__DATA SECTION__:
BEGIN

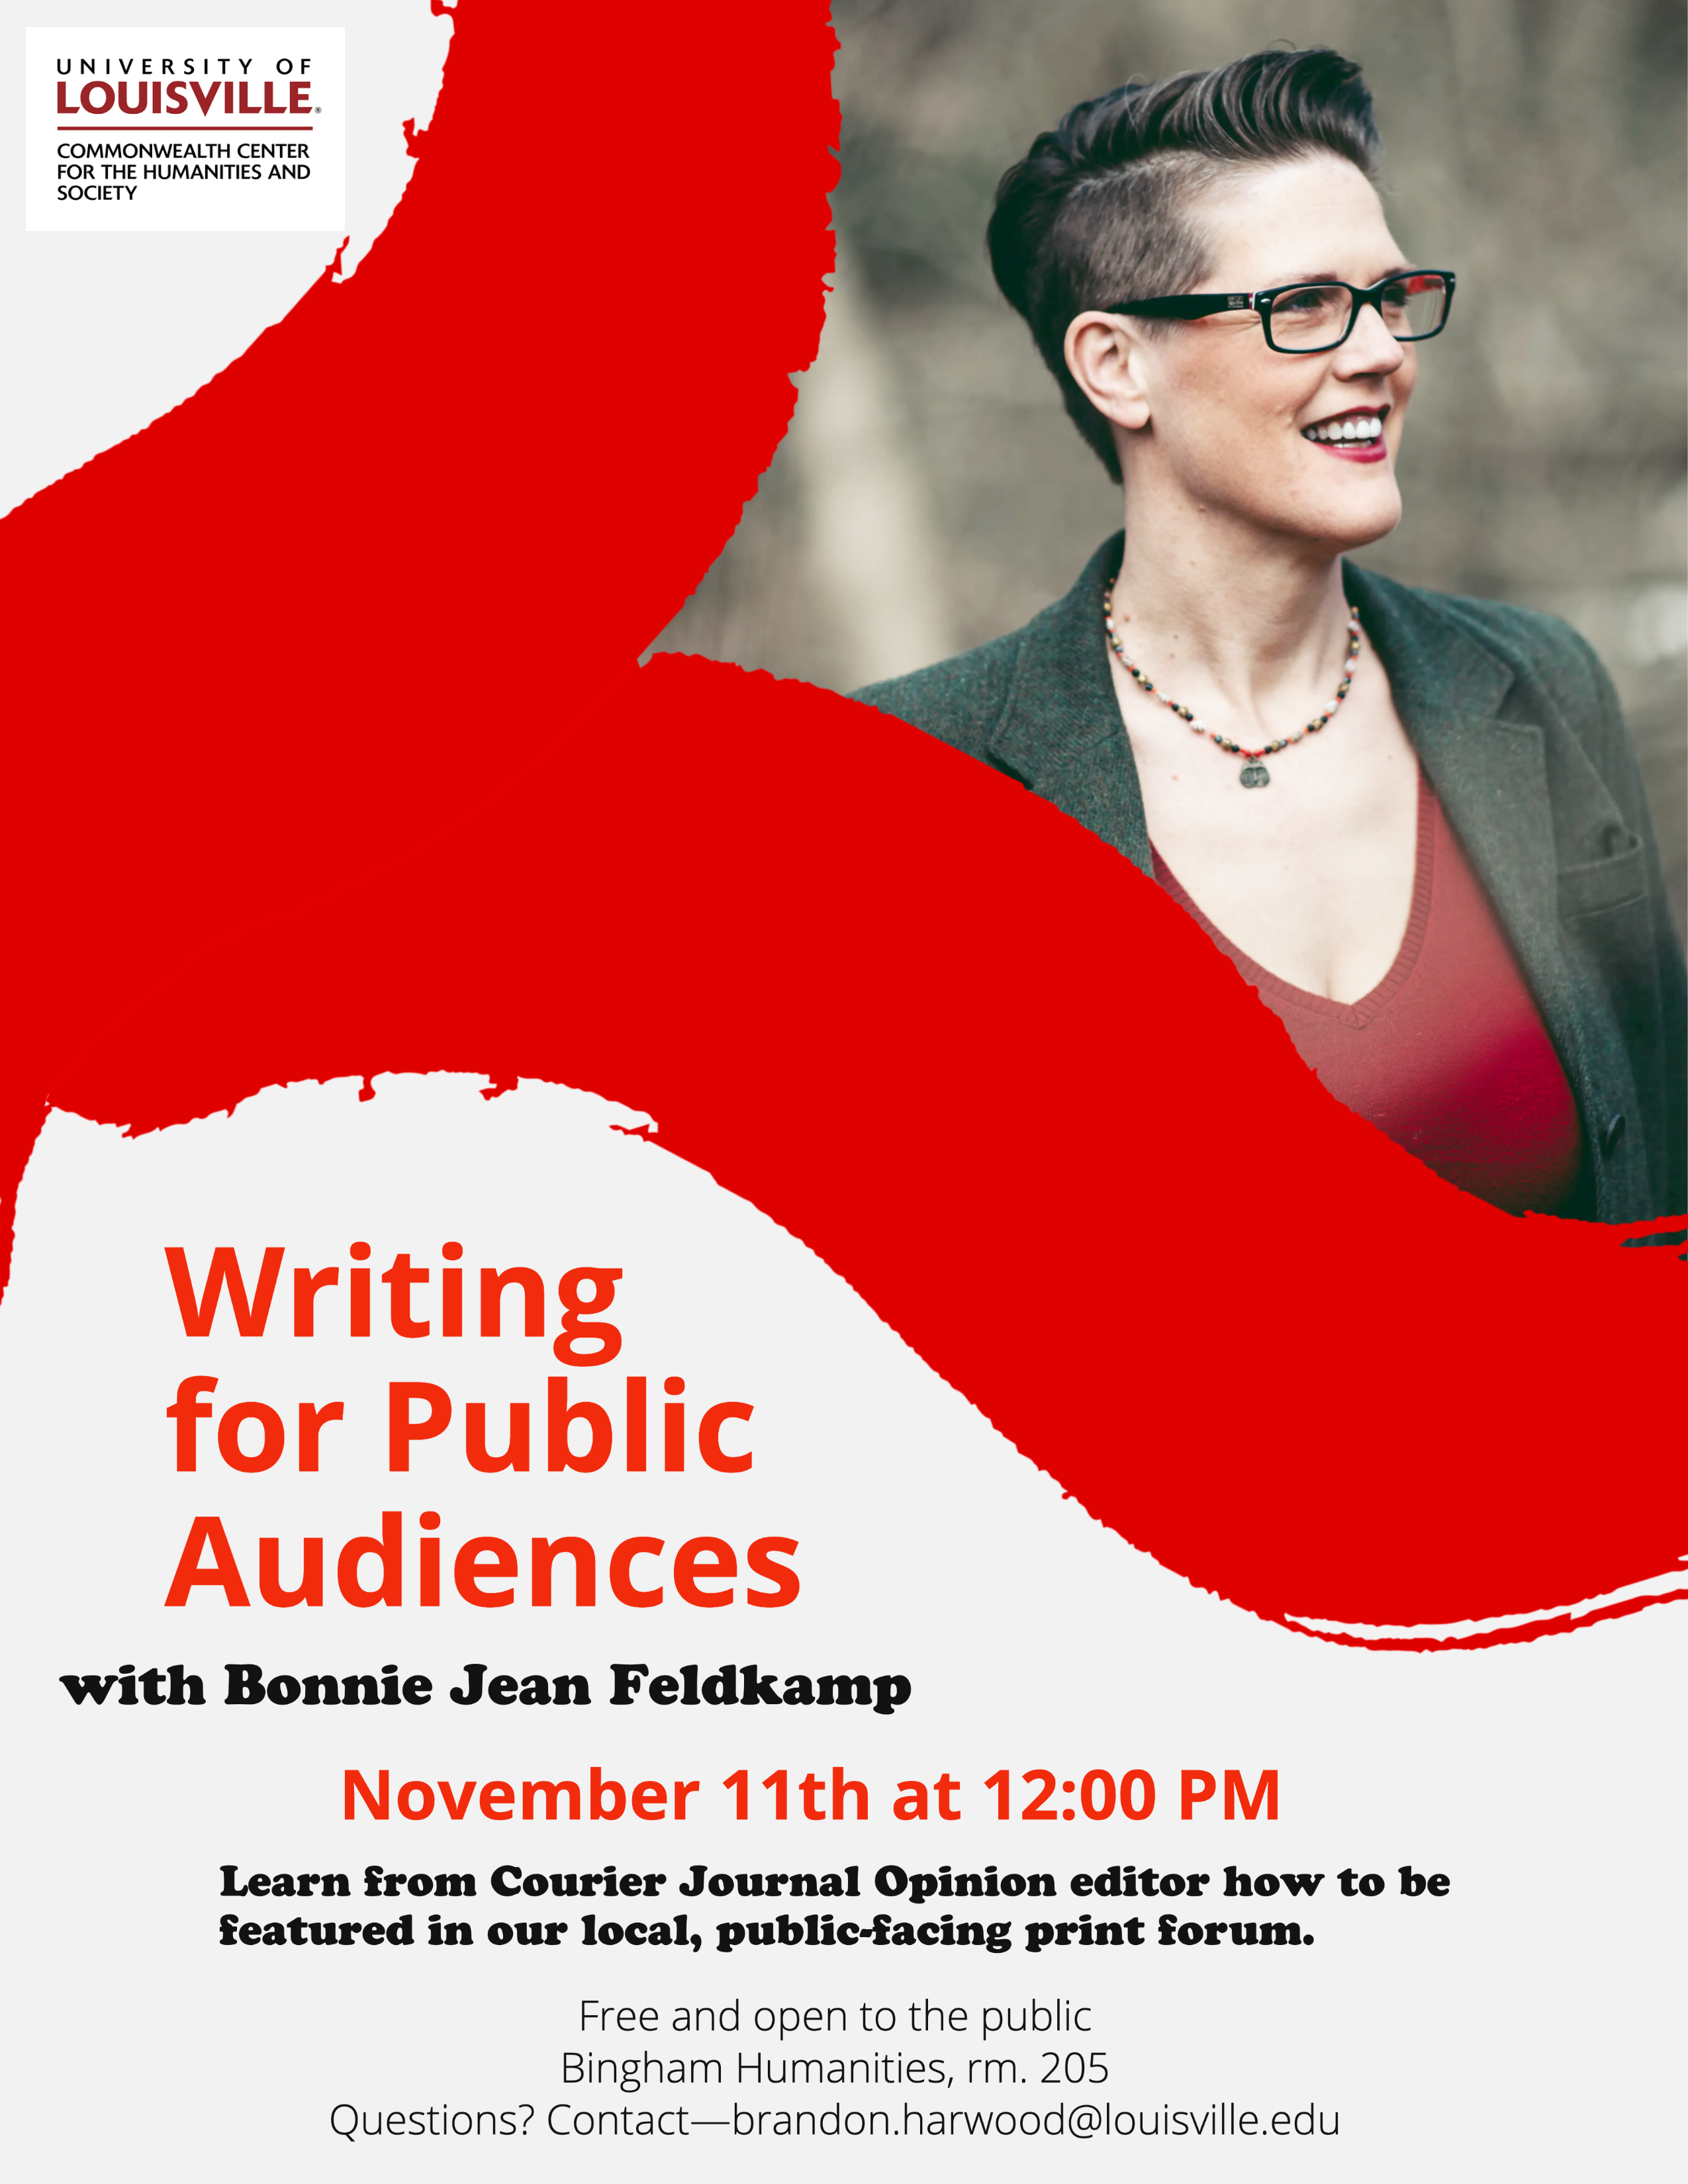 Writing for Public Audiences: Interested in sharing your work with audiences beyond the academy? This workshop will address how scholars can write for the public. Led by Bonnie Jean Feldkamp, Courier Journal Opinion Editor, this workshop will also provide an opportunity to brainstorm how to share your work with the CJ. November 10th 12-1 PM CCHS Conference Room Stevenson Hall, 417 For any questions e-mail brandon.harwood@louisville.edu
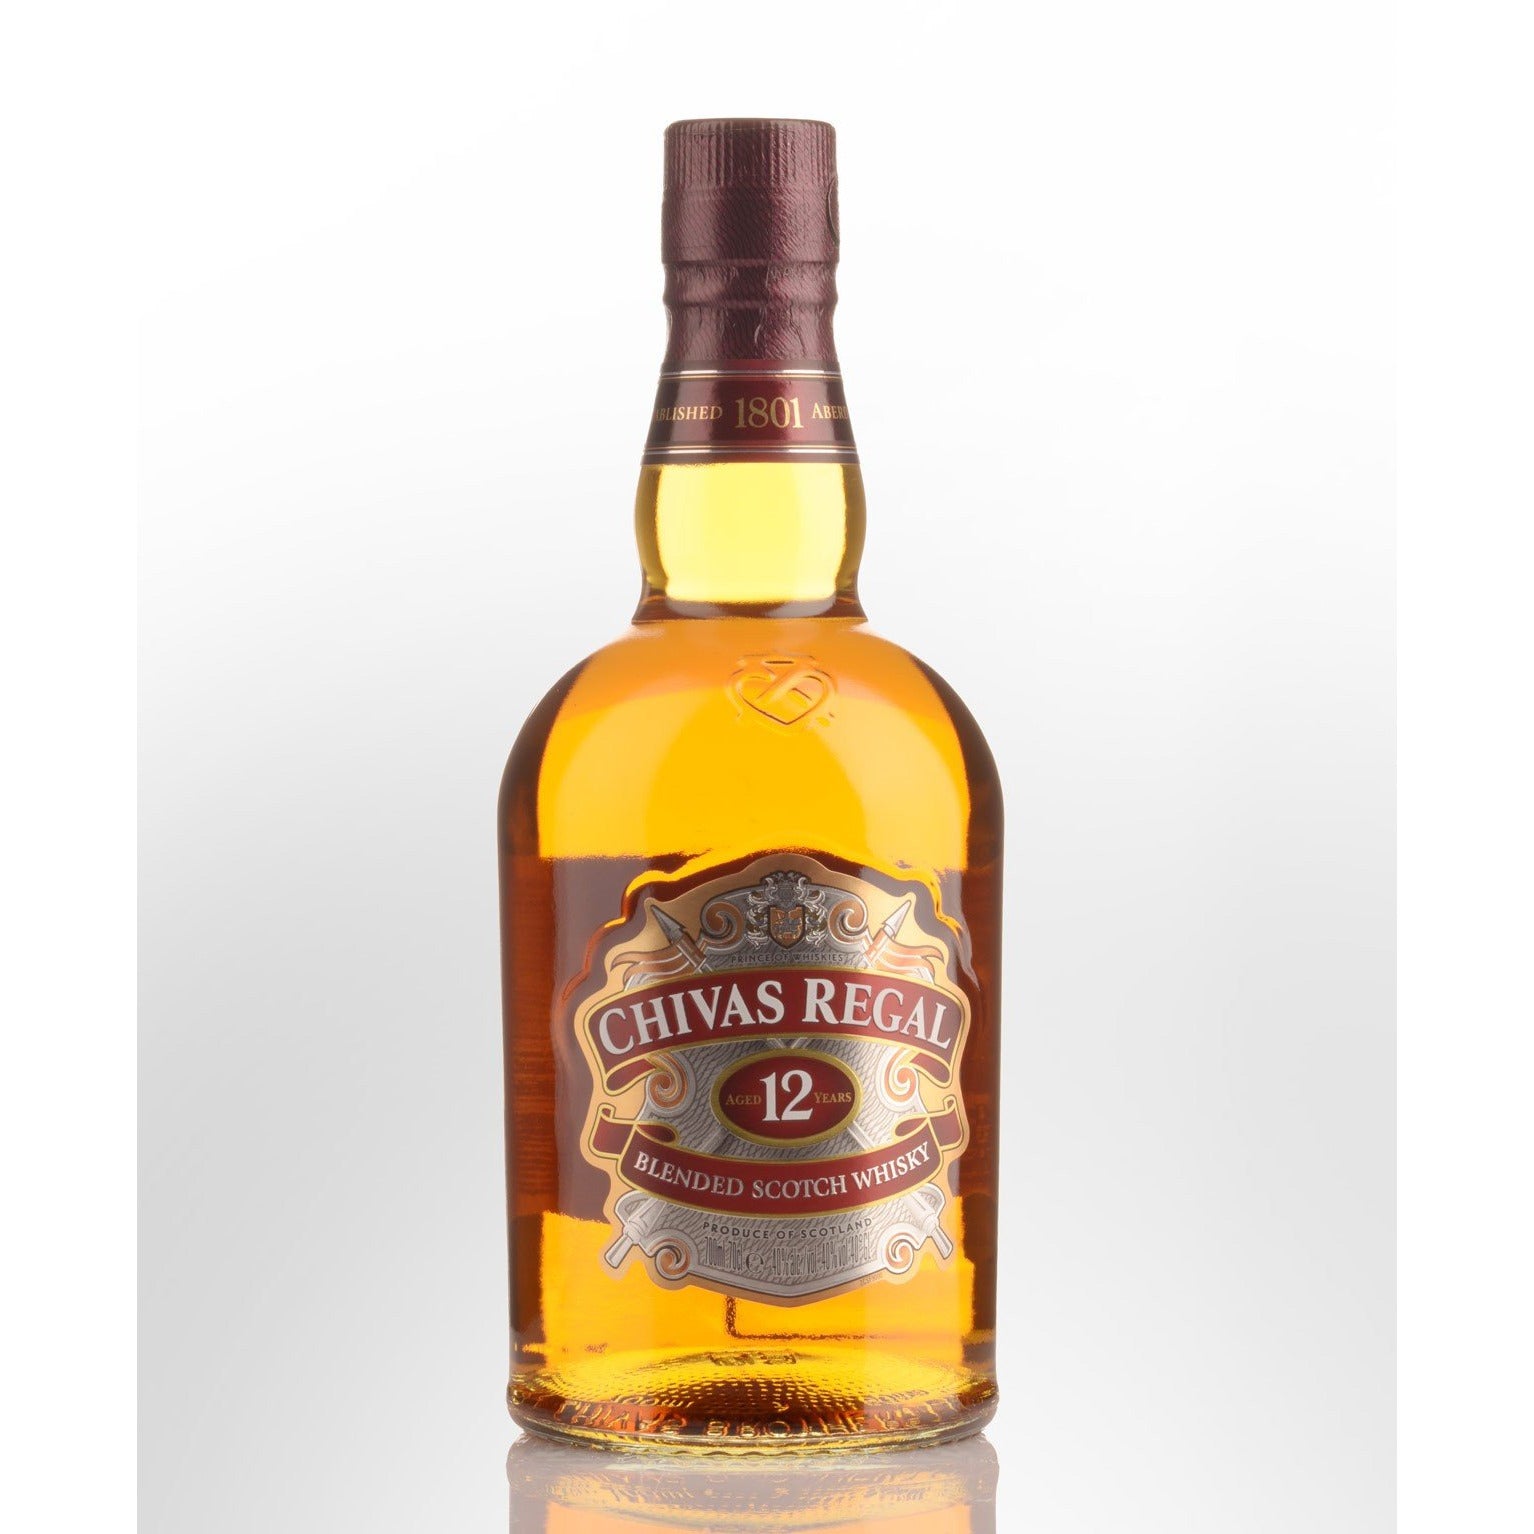 Chivas Regal 12 Year Old Blended Scotch Whisky 700mL
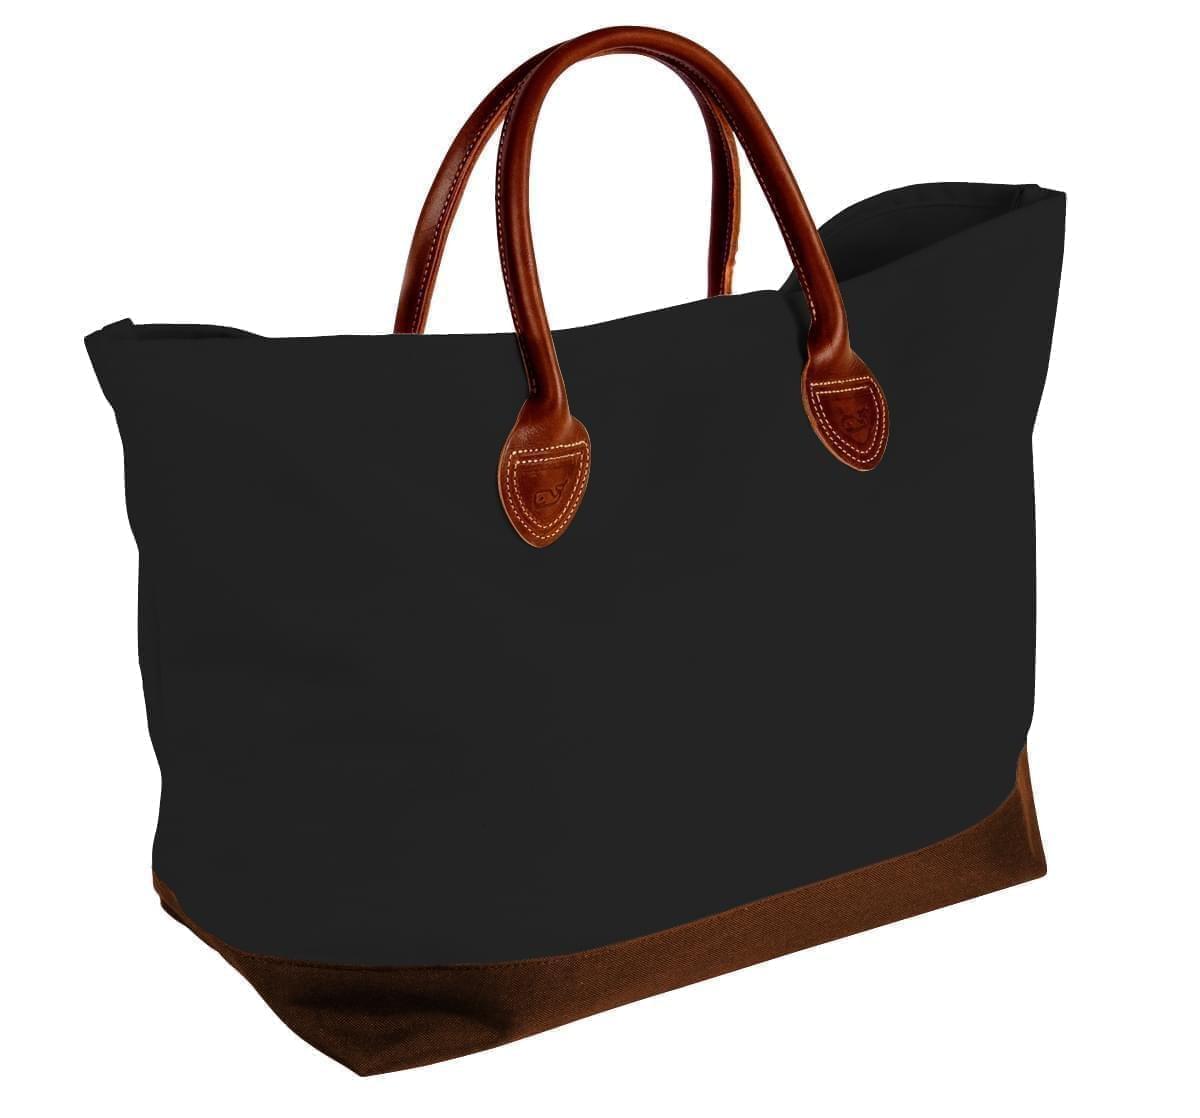 Canvas Leather Handle Tote-Black/Brown-USA Made by Unionspecialties

END

When copying the listing, skip the pictures and keep each line exactly as written.

__SOLUTION FOR THIS EXERCISE__:
 Writing for Public Audiences: Interested in sharing your work with audiences beyond the academy? This workshop will address how scholars can write for the public. Led by Bonnie Jean Feldkamp, Courier Journal Opinion Editor, this workshop will also provide an opportunity to brainstorm how to share your work with the CJ. November 10th 12-1 PM CCHS Conference Room Stevenson Hall, 417 For any questions e-mail brandon.harwood@louisville.edu
 Chivas Regal 12 Year Old Blended Scotch Whisky 700mL
 Canvas Leather Handle Tote-Black/Brown-USA Made by Unionspecialties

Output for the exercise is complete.